Elements of FRAIL scale. 35
Another approach that is widely used is the Frailty Index, which was constructed as a composite measure of deficits and was evaluated for its predictive capacity for morbidity and mortality. 49 The Frailty Index was based on impairments in cognitive status, mood, motivation, communication, mobility, balance, bowel and bladder function, daily activities, instrumental daily activities, nutrition and social resources, as well as a number of comorbidities.49–50
Therapeutic interventions in patients with Frailty Syndrome
Methods of preventing and treating Frailty Syndrome have not been developed thus far. Physical activity is one way to avoid losing muscle strength, and there is evidence that it can prevent, postpone or even reverse the frailty process. Physical activity might be more advantageous for older people with a diagnosis of Frailty Syndrome than any other intervention. 51 It is recommended that frail patients do resistance training before aerobic exercise, with 30–45-minute training sessions at least three times a week for more than five months. 52 In addition, the recently published Frailty Consensus recommends a number of interventions which could support treatment of frailty, such as exercise (resistance and aerobic), energetic and protein support, vitamin D intake and reduction of polypharmacy. 46
Summary
The diagnosis of Frailty Syndrome in the elderly population is essential for making therapeutic decisions and the stratification of cardiovascular risk. Most risk assessment systems are based on chronological age. However, chronological age does not always reflect the biological age of a patient, therefore using it as an indicator may lead to incorrect risk estimation. Scientific societies highlight the role of biological age in making medical decisions. Hence the need for research instruments measuring biological age, the latter being easier established by means of the identification of Frailty Syndrome. Even though there are no consistent and commonly accepted Frailty Syndrome definition and universal validated research instruments, the assessment of Frailty Syndrome should be taken into consideration while estimating risk and making therapeutic decisions in cardiovascular disease. The American Nutrition Association has established guidelines which not only show the necessity for paying attention to general health state, co-existing diseases, cognitive functions, life span and age in older patients, but also underline the relevance of ‘frailty’ in people with cardiovascular disease.

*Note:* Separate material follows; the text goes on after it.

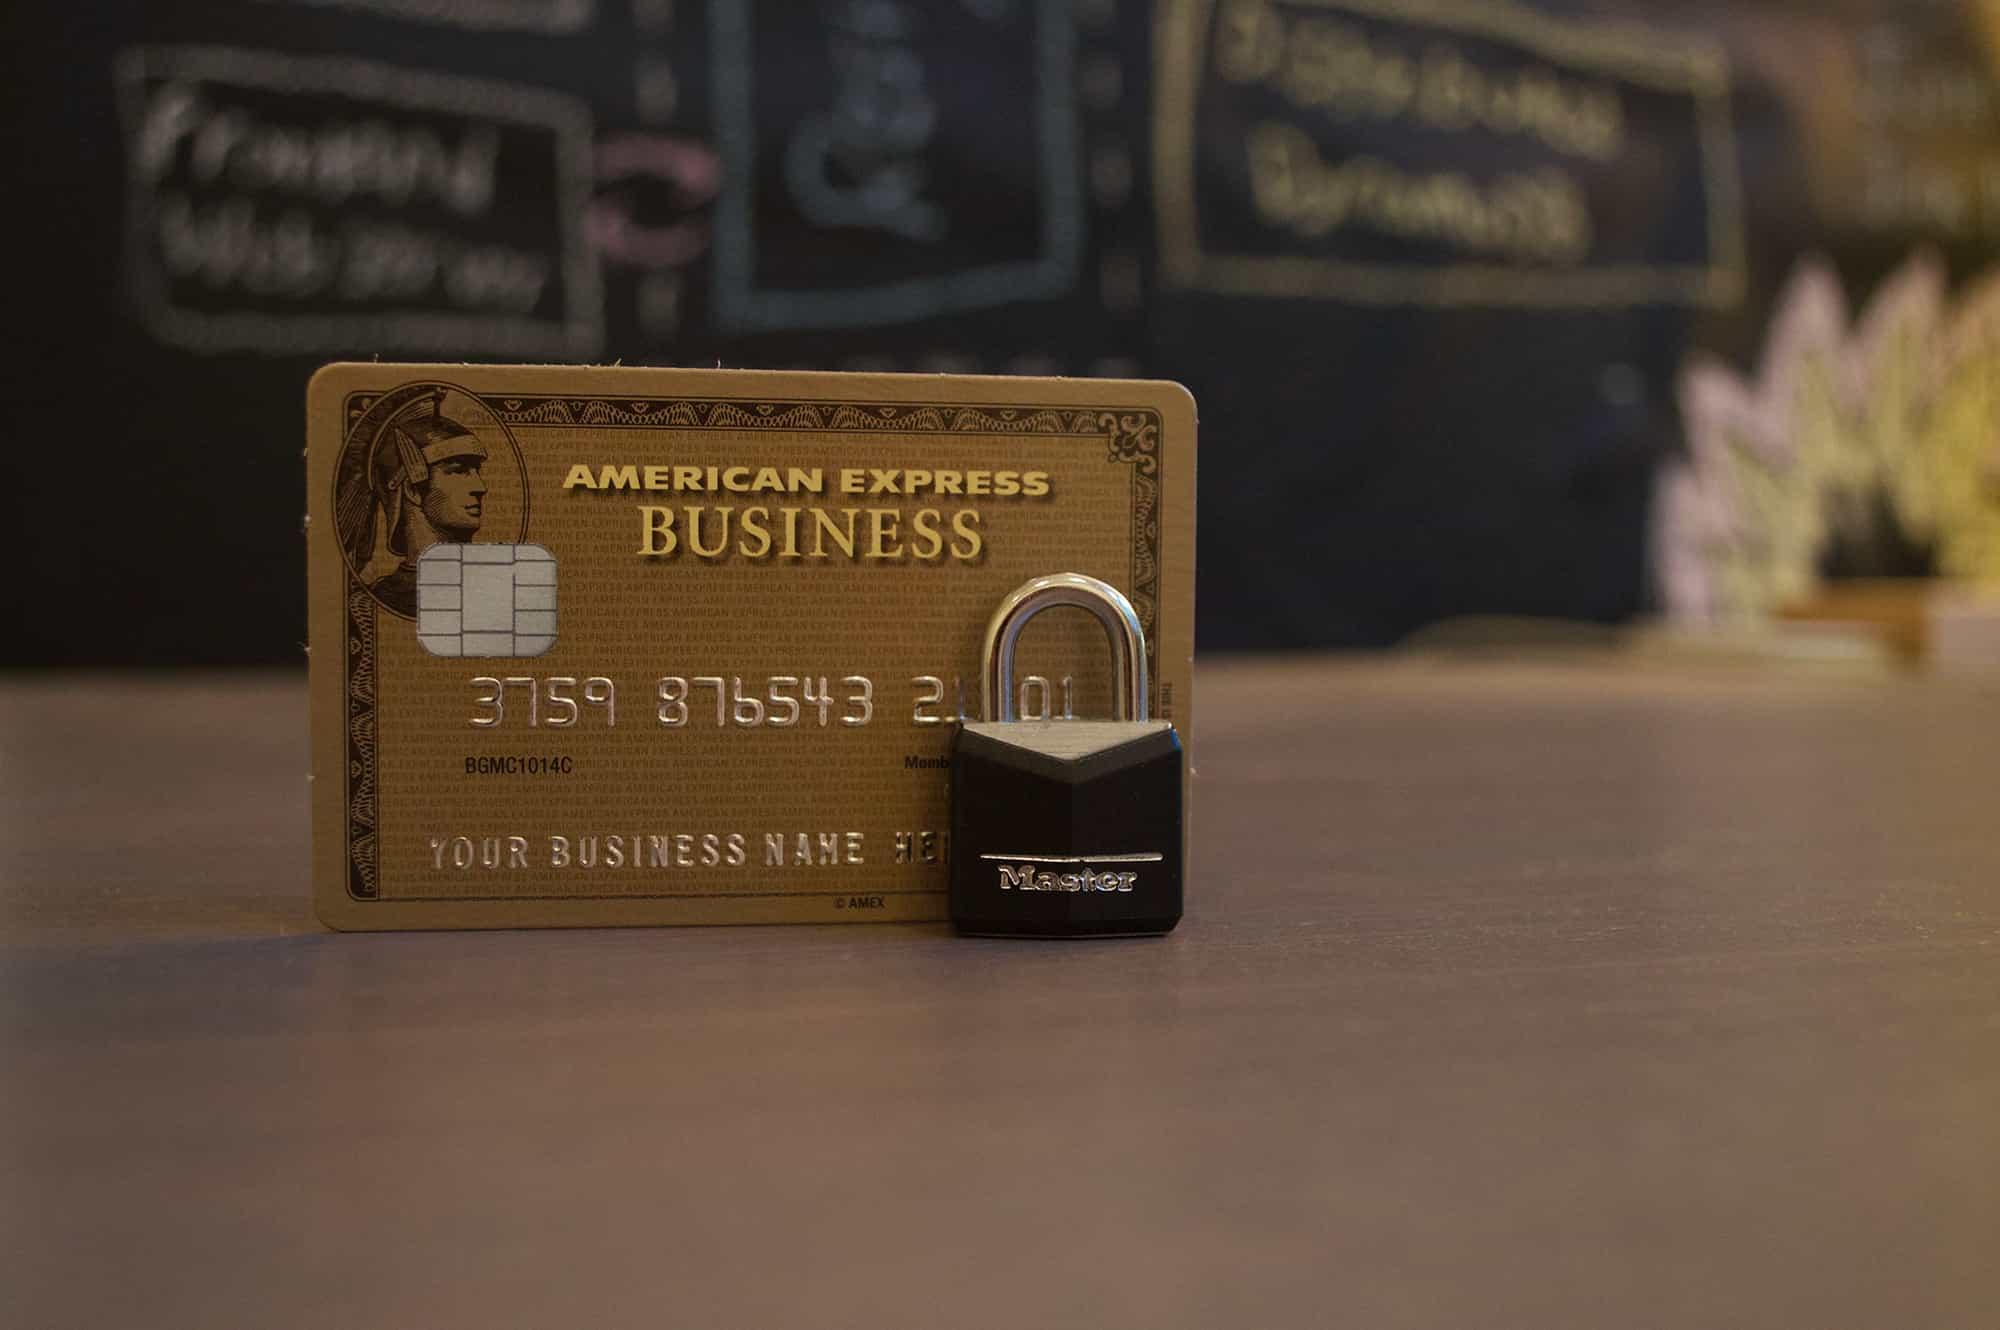 identity-theft-credit-card

Despite profound interest in this issue, Frailty Syndrome still needs further studies and standardized research instruments. This condition is necessary for the implementation of ‘frailty’ assessment in clinical evaluation. Moreover, patients should be diagnosed and treated according to available guidelines, and educated in regard to their condition. We believe that the identification of frailty based on available tools could be supported by the nursing staff, and in addition could be a key to successful education and care of patients who are frail.
Footnotes
Conflict of interest
The authors declare that there is no conflict of interest.
Funding
This research received no specific grant from any funding agency in the public, commercial, or not-for-profit sectors.
It is greatly important that special attention is paid to the specific needs of frailty patients with cardiovascular disorders, in order to improve their functional and mental independence and their quality of life.